(Taehyung)
Bong Cha'nın söyledikleri karşısında şaşkınlıkla öylece dikiliyordum. Benim gözümde hala büyüdüğünü kabullenemediğim küçük kız kardeşim karşıma geçmiş aşık olduğunu söylüyordu. Onu bu denli düşüncelere kaptıran kişiyi oldukça merak etmiştim. Bong Cha'nın yanında birini kabullenemeyecek kadar kıskanç bir abi olsam da onun duygularını görmezden gelecek kadar da zalim değildim. Kimse için üzülmesine kalbim dayanmıyordu.
''Kime aşık oldun?'' diye sakin bir ses tonuyla sormaya özen gösterdum. Kızmak istesem de yapamıyordum, Bong Cha'nın sulu gözlülük edip yeniden ağlamasını istemiyordum.
''Şilla veliaht prensine.''
Ahh nasıl da aklıma gelmemişti?
Ormanda kaybolduğu günden beri etrafta mutsuz bir şekilde dolaşıyordu.Nasıl olur da hiç tanımadığı birine ilk görüşte aşık olabilmişti?
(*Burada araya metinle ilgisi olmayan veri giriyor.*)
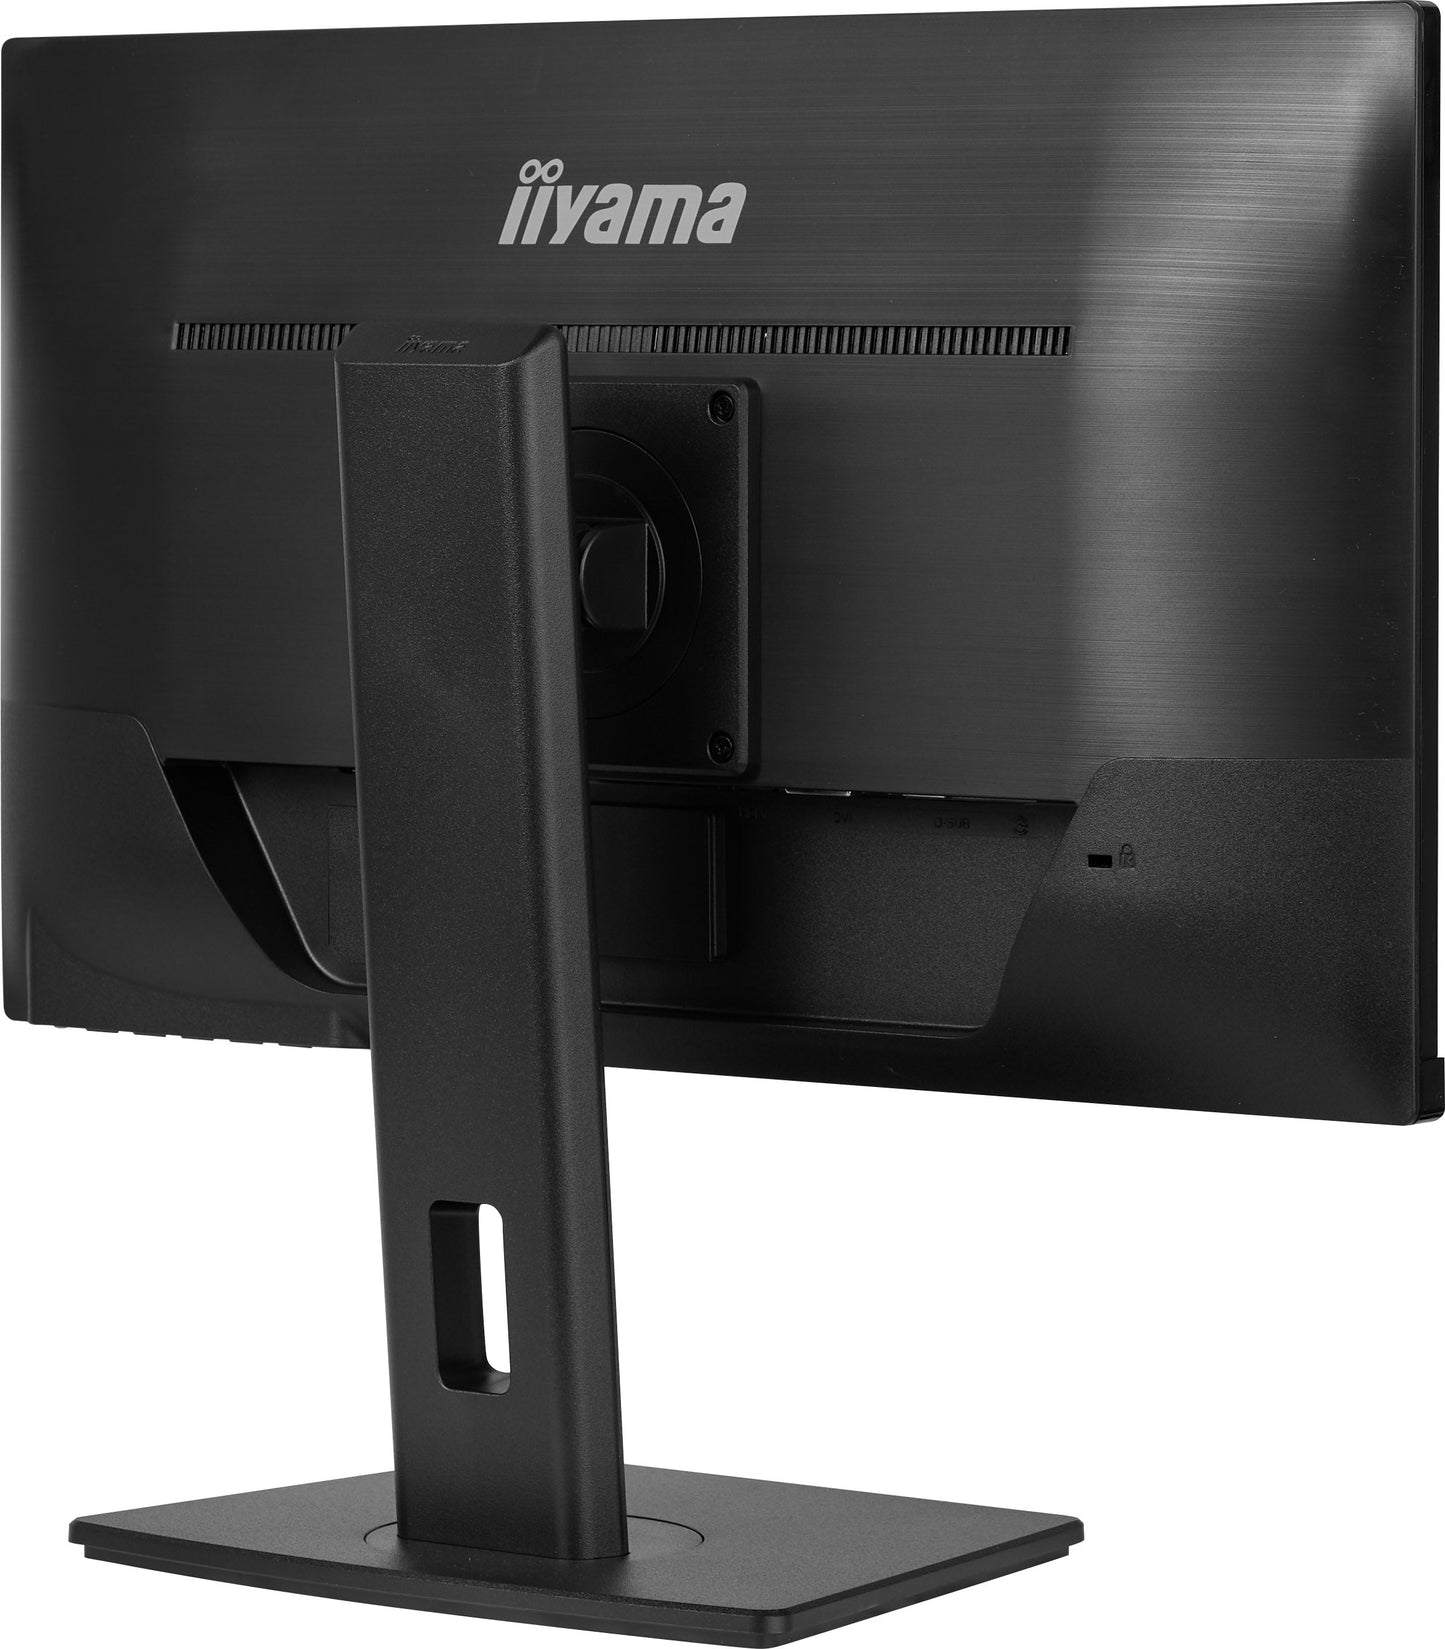 iiyama ProLite XUB2390HS-B5 23" IPS Display

Tek düşünmem gereken bu da değildi.
Şilla ile ülkemiz adına bir anlaşmaya varmak zorundaydım ve bu durumda veliaht prens de dahil bütün kraliyet soyunun tahttan feragat etmesi gerekiyordu. Prens Park Jimin ile ters düşmemiz bile söz konusu olabilirdi ve kız kardeşim ona aşık olmuştu. Tam da bu olayların üzerine beni büyük bir ikileme sürükleyecek olan sevgili kız kardeşim Bong Cha olacaktı. Daha ılımlı bir tavır sergilemem mi gerekiyordu? Ya da kız kardeşimin duygularını önemsemeyerek devlet işlerini olması gerektiği bir şekilde mi yapmalıydım?
''Bong Cha, yüzüme bak!''
Bong Cha'nın çenesinden nazikçe tutarak bana bakmasını sağladım. Bakışlarını bir süreliğine benimkilere odaklasa da bir-kac saniyenin ardından bakışlarını kaçırmaya çalıştı.
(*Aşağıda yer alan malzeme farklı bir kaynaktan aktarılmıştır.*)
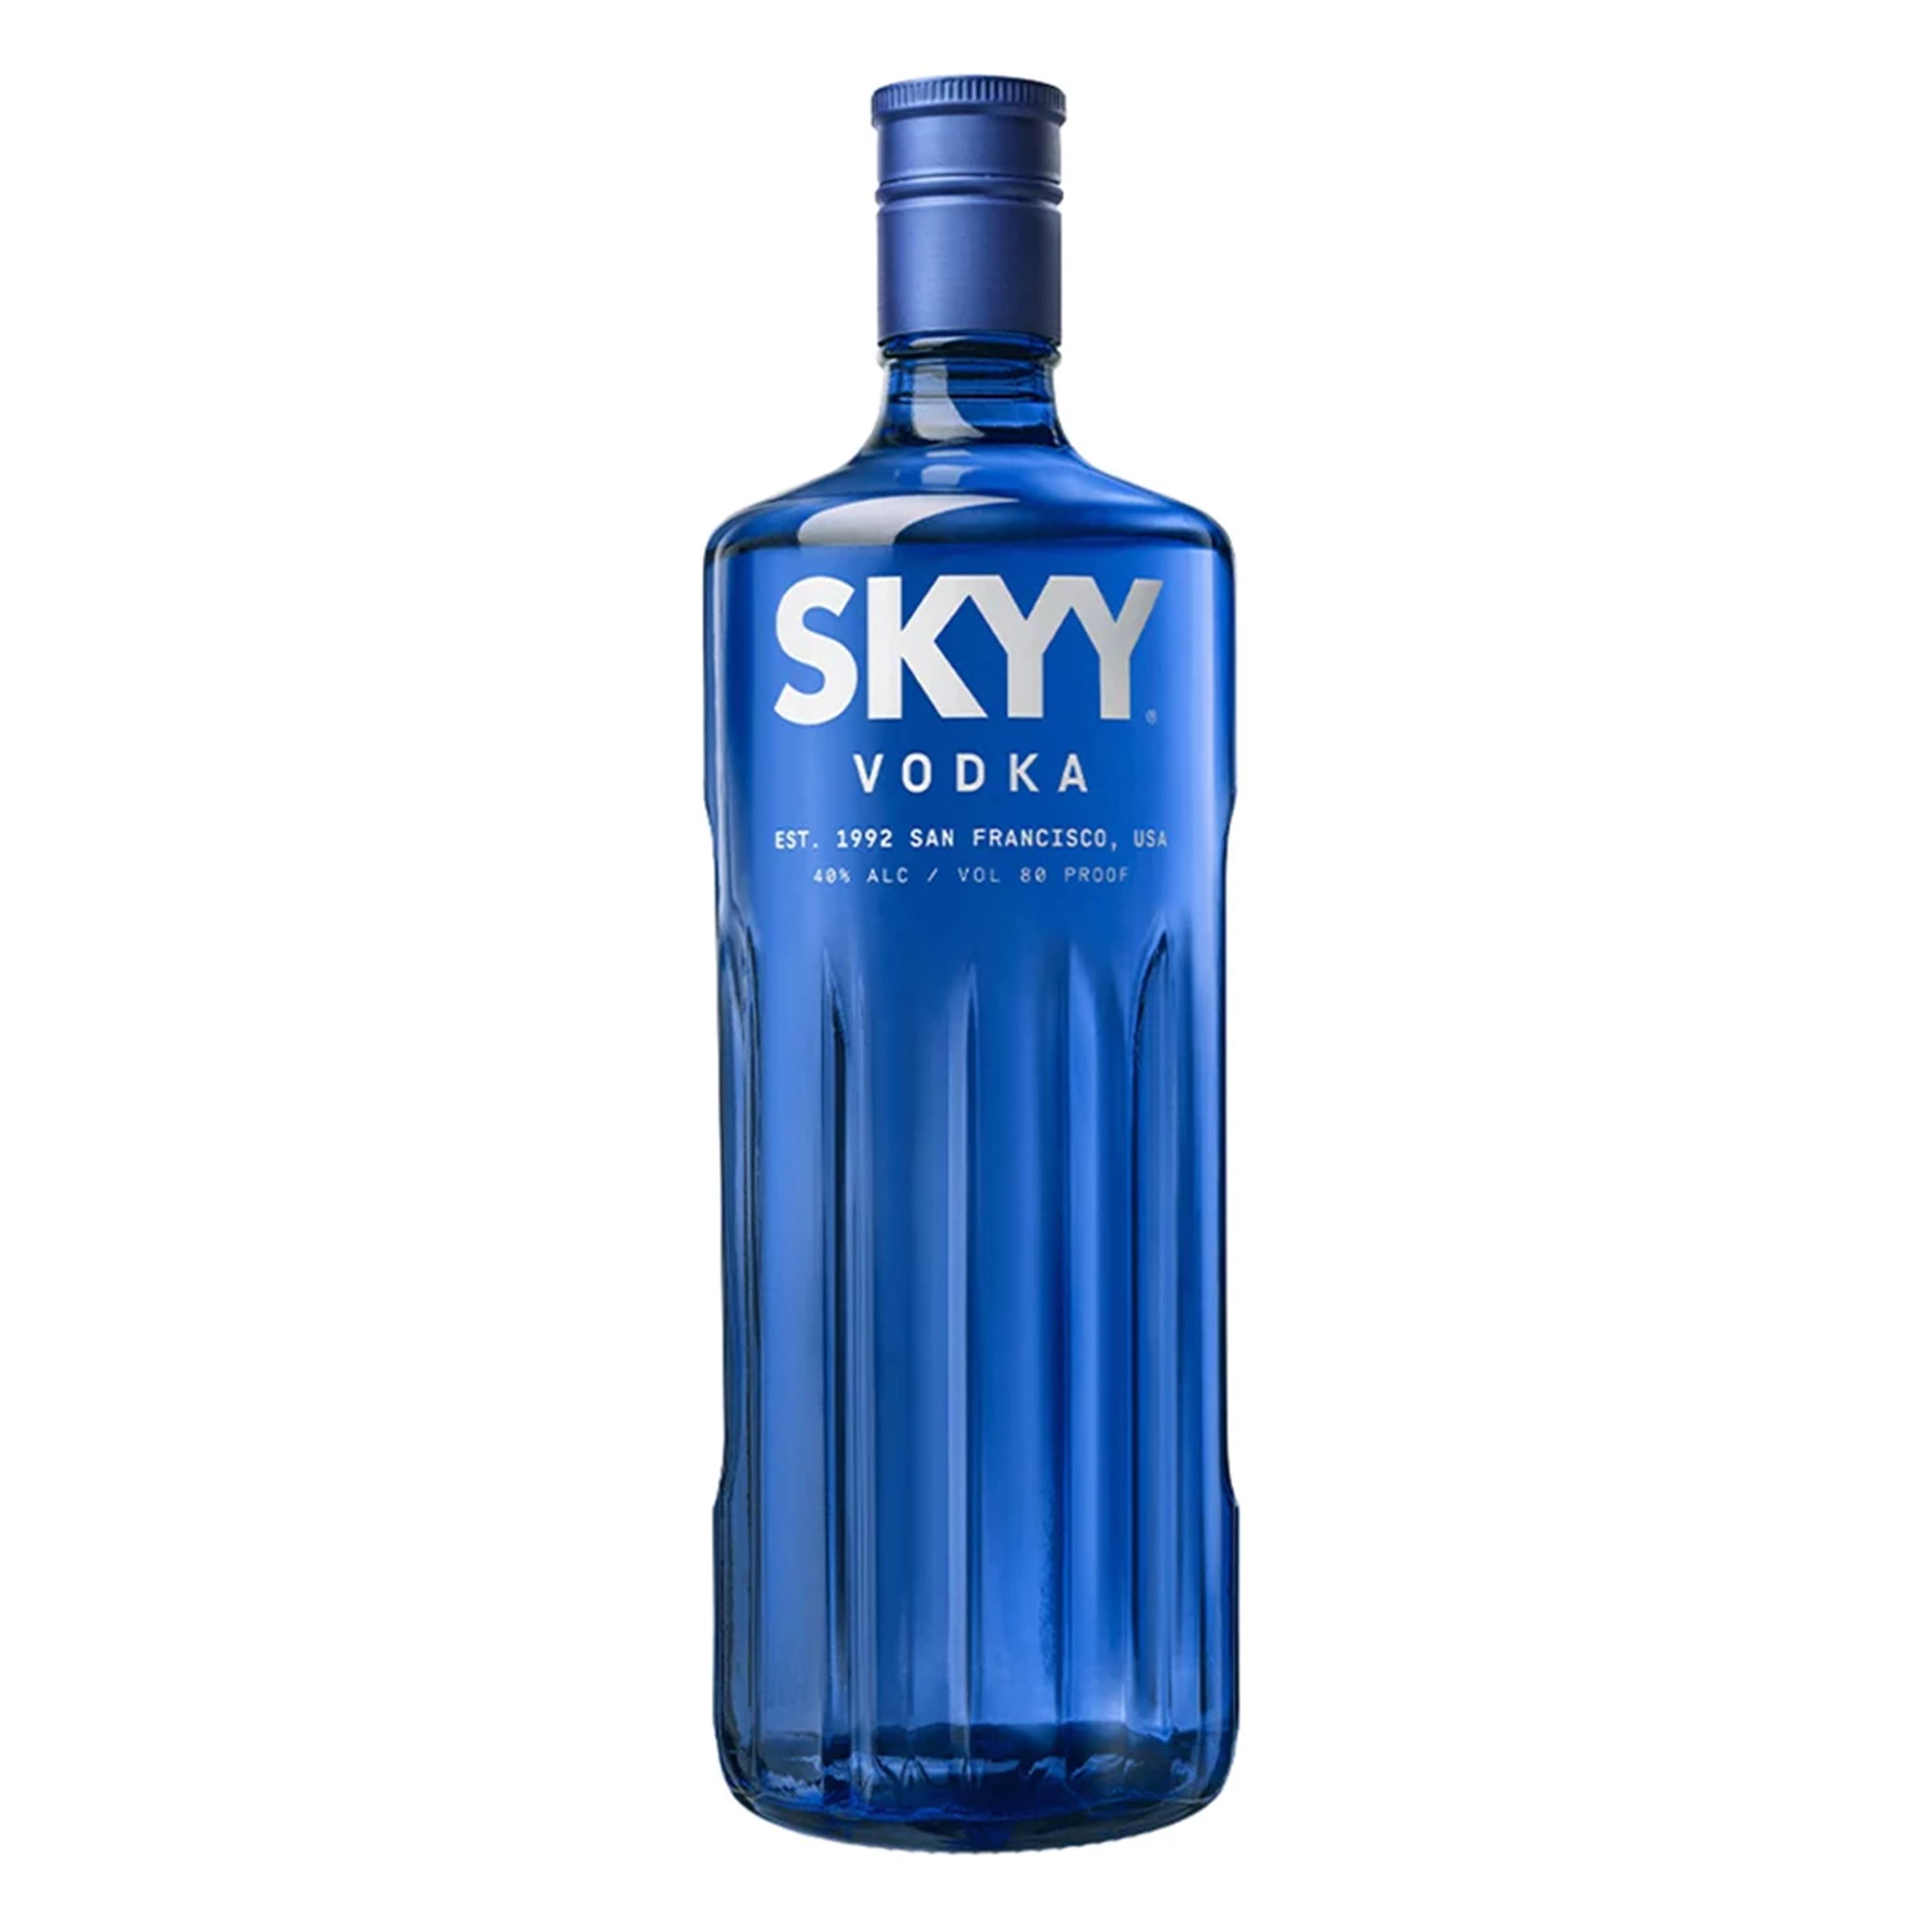 Skyy Vodka 1.75lt Bottle

''Üzülmeni istemiyorum ve üzülmemen için her şeyi yapacağımı biliyorsun değil mi?''
Kız kardeşim benim en değerli varlığımdı ve her konuda güvenmesi gereken kişi ben olmalıydım. Bana sımsıkı sarıldığında gülümseyerek sırtına pat patladım. Olayları iyice düşünüp geniş bir plan yapmam gerekiyordu ve her şeyden önemlisi Park Jimin'i tanımalıydım. Onun kız kardeşime layık olup olmadığına bir tek ben karar verebilirdim.
....
''Majesteleri Kral sizinle görüşmek istiyor efendim!''
Harem Ağasının söylediklerini dikkate alarak Kral Kim Jae'nin odasına ilerlemeye başladım. Aklımdaki düşüncelerle boğuşurken bir yandan da bana ne söyleyeceğini merak ediyordum.
İçeri girdiğimde Majestelerini saygıyla selamlayarak konuşmasını dinlemeye başladım.
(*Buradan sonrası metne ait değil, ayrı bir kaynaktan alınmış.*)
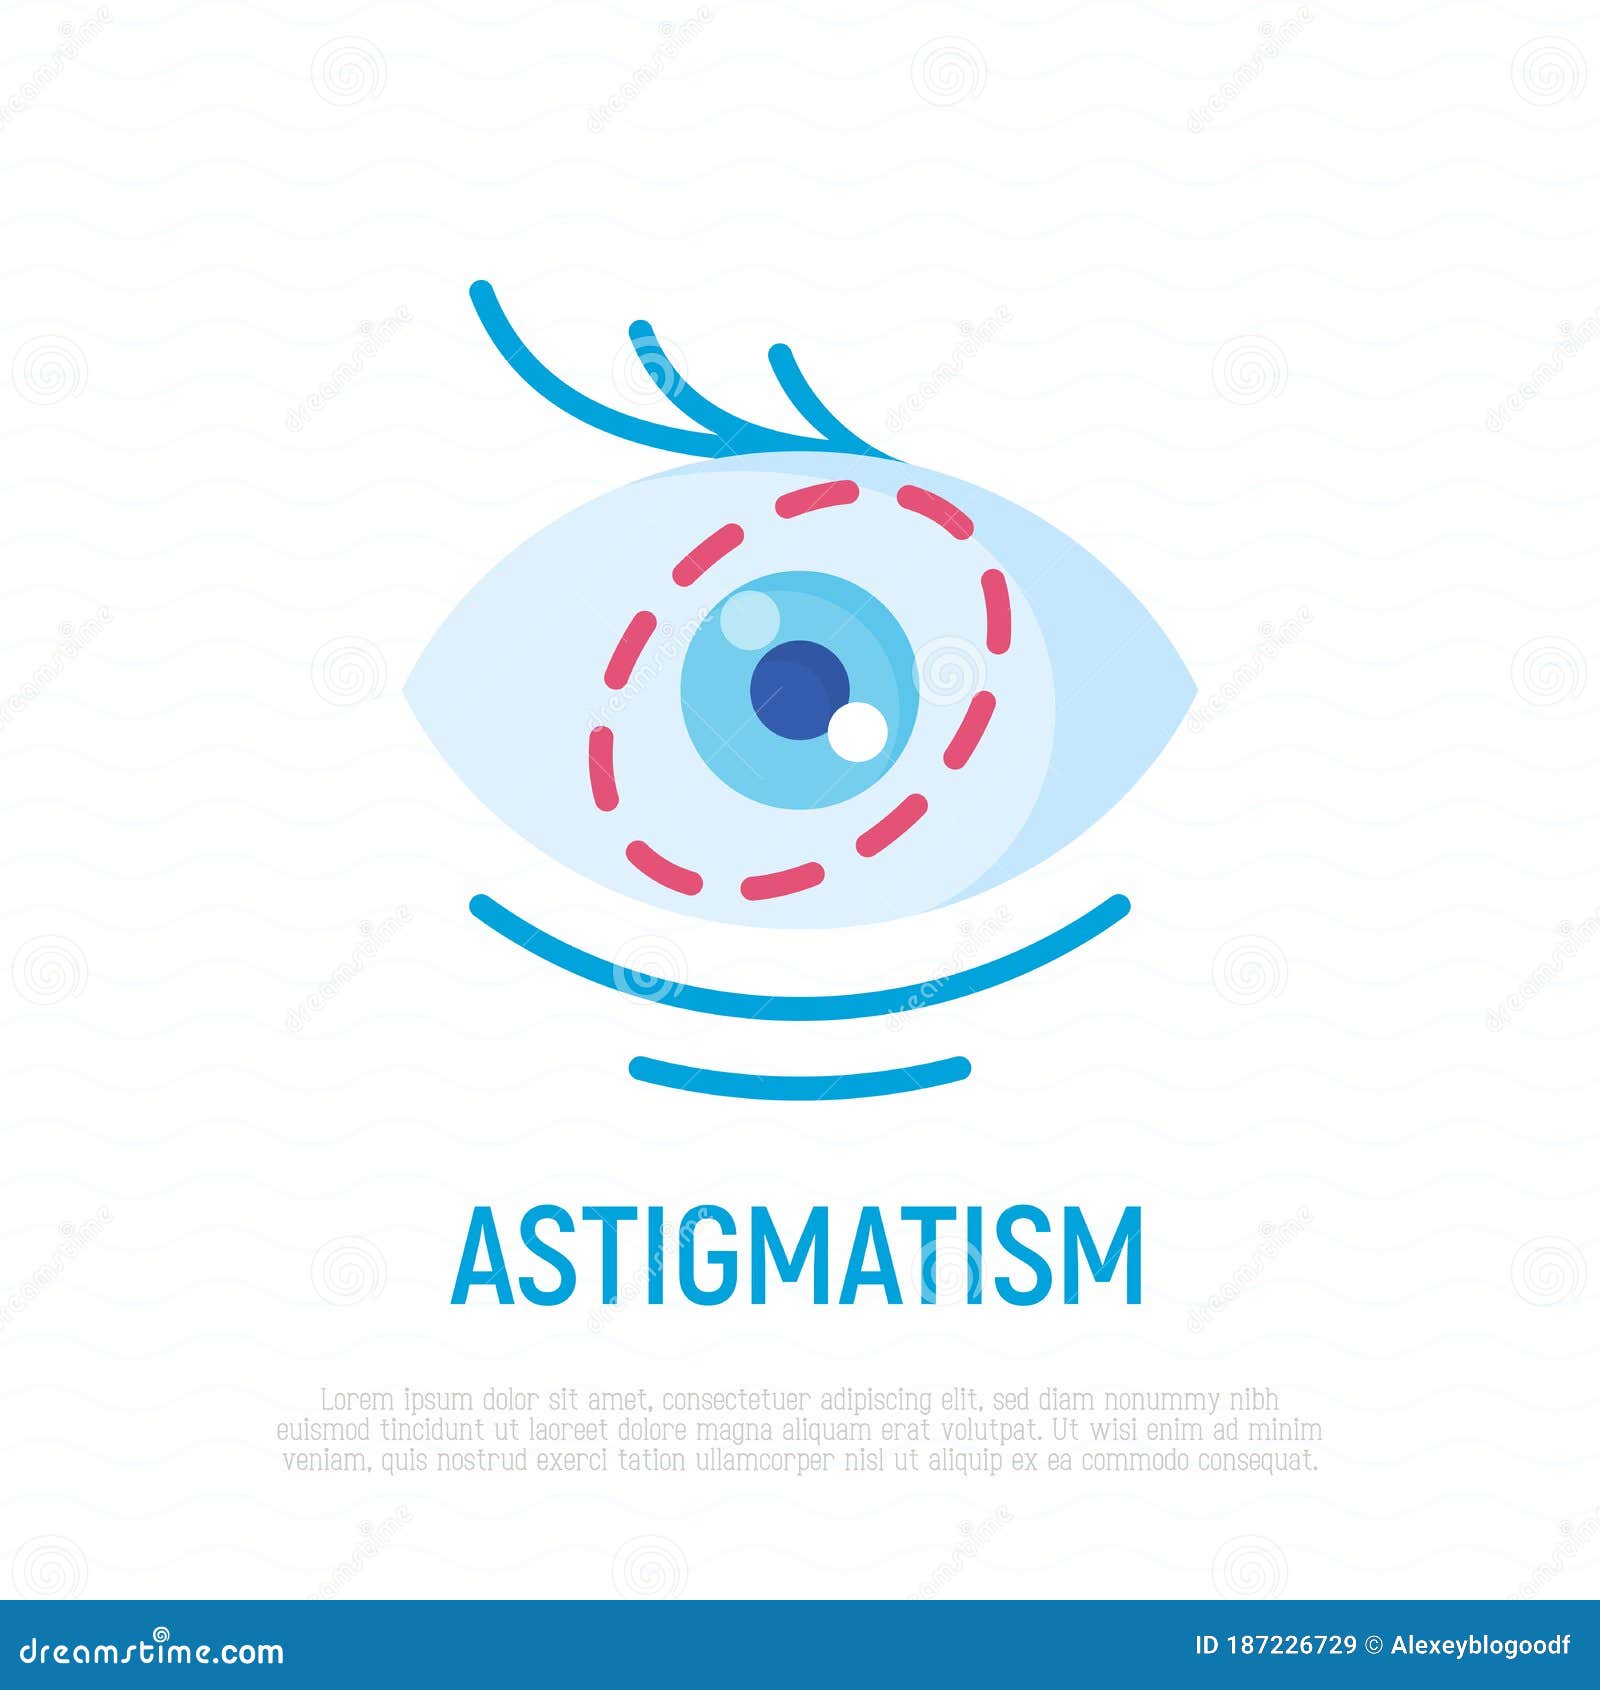 Astigmatism: ce trebuie să știi despre această afecțiune?

''Taehyung, biliyorsun ki şu an veliaht konumundasın ve sarayda benden sonra bütün yetkiye sahipsin. Veliahtım olarak artık evlenip bir erkek çocuk sahibi olmanı istiyorum. Şilla Hanedanlığı ile yapacağımız anlaşma eğer geçerlilik kazanırsa görevlerin ve sorumlulukların da artacak. Bir an önce evlenip tahttaki yerine zemin hazırlamalısın. Bunun için Şilla Hanedanlığı prensesini uygun görüyorum. Bu onlarla anlaşmamız yoluna da zemin hazırlar.''
Kralın son söyledikleri kulaklarımı doldururken duymamış olmayı dileyerek gözlerimi kısa bir süreliğine kapattım.
''Majesteleri beni maruz görün fakat henüz evliliğe hazır değilim üstelik hiç tanımadığım biri ile evlenmek istemiyorum.''
''Taehyung bu bir istek değil, bir emir. Sana seçme şansı vermiyorum zaten. Eğer kendine bir seçenek oluşturma düşüncesindeysen taht ya da arzularından birini seçebilirsin. Bu durumda Veliaht ünvanının Jungkook'a geçeceğini de unutma.''
ŞİMDİ OKUDUĞUN
Prince of Goryeo ❧ V
Fanfiction''Veliaht prens ile evlenmek istiyor musun gerçekten?'' Bana sorulan soru üzerine herkesin bakışları bana kaymıştı. Nedense bütün benliğim bu soruya evet demem gerektiğini söylüyordu. Belki de çok büyük bir yanlış yapacaktım ama bundan kesinlikle ha...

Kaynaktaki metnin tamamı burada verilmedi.